Hacker News new | ask | show | jobs
by fitblipper 1794 days ago
I think a huge chunk of bad privacy outcomes arise through data retention policies and aggregation across many sources.

To operate, a phone company might need to know where you are calling from and who, a doctors office might need to know your medical and contact info, an isp might need to know your ip address, a dating website might need to know your ip address, your chat app might need to know your contact list, your gps might need to know your precise location at this specific time.

Do they need to know them for years though? And once all this info is aggregated, how personal is the information that can be learned?

1 comments

Really good point fitblipper - I see this all the time.

Organizations have poor/no data retention policies so they accumulate information they no longer need for many years and on the other side they continue to build new data processing capabilities that might leverage that old data which lacks any context as to what it was gathered for or how it can (or cannot) be used.

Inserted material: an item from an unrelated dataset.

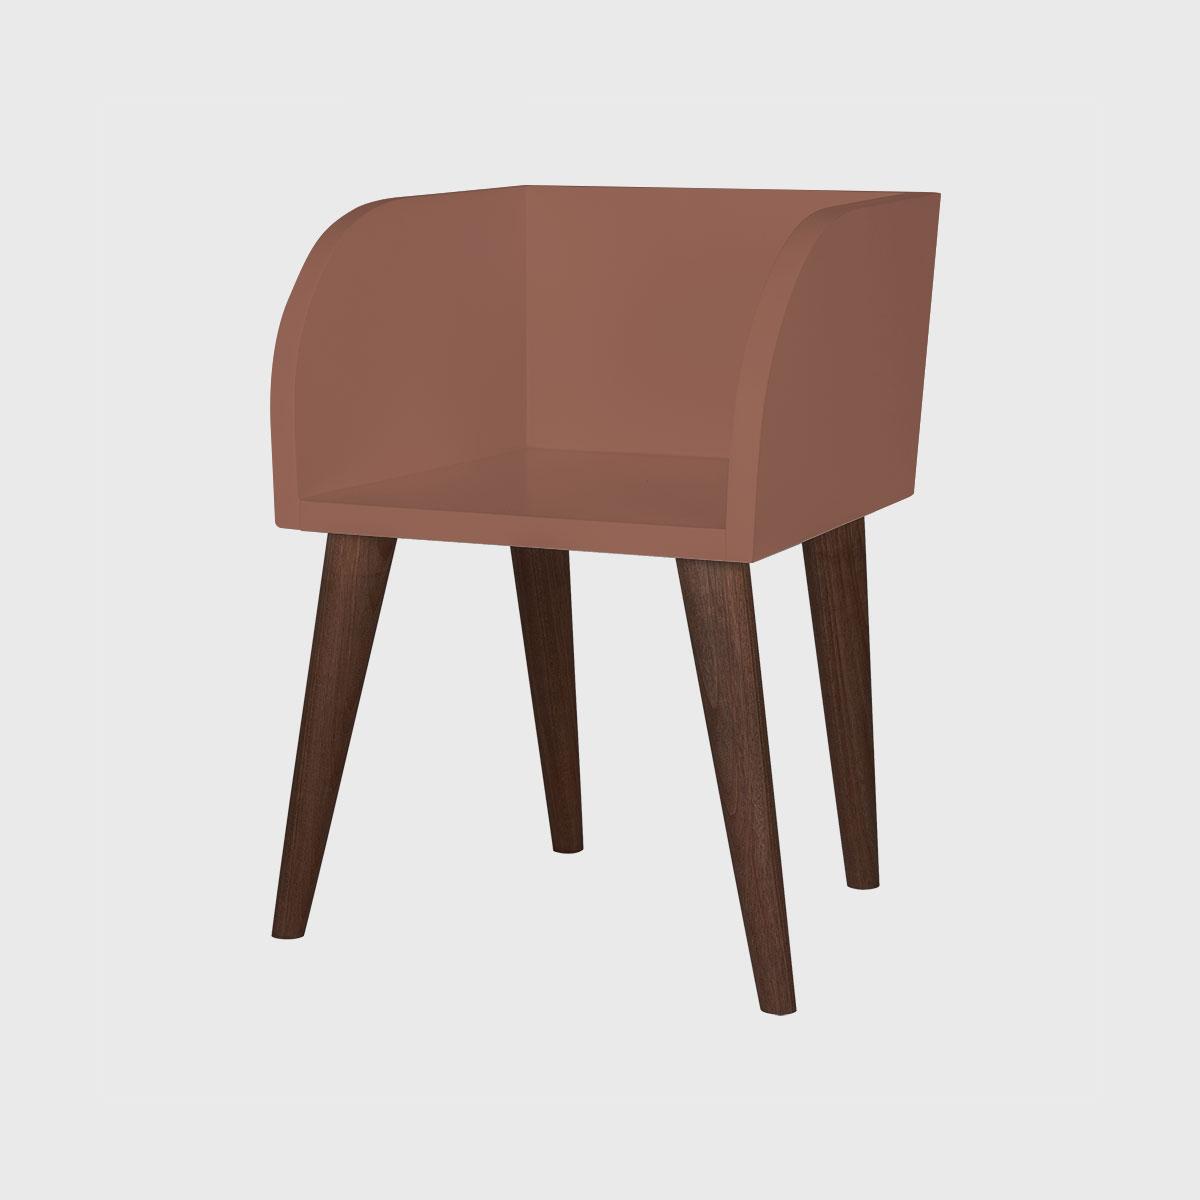 Cadeira ioio jequitibá chocolate pintada

On the point of what degree of identification can be learned (i.e. how personal is the information), I'm constantly reminding by folks in the ML field that you can discern a huge amount about an individual quite precisely from what might initially look like anonymized data - that's one of the exploits that most concern privacy specialists when they talk about differential privacy and pseudonymization - arguably we're not where we need to be yet but thankfully there are a number of teams working on solutions to this.

By this I mean the data analysis part; the retention and policy issue, that's still one most companies need to do better on.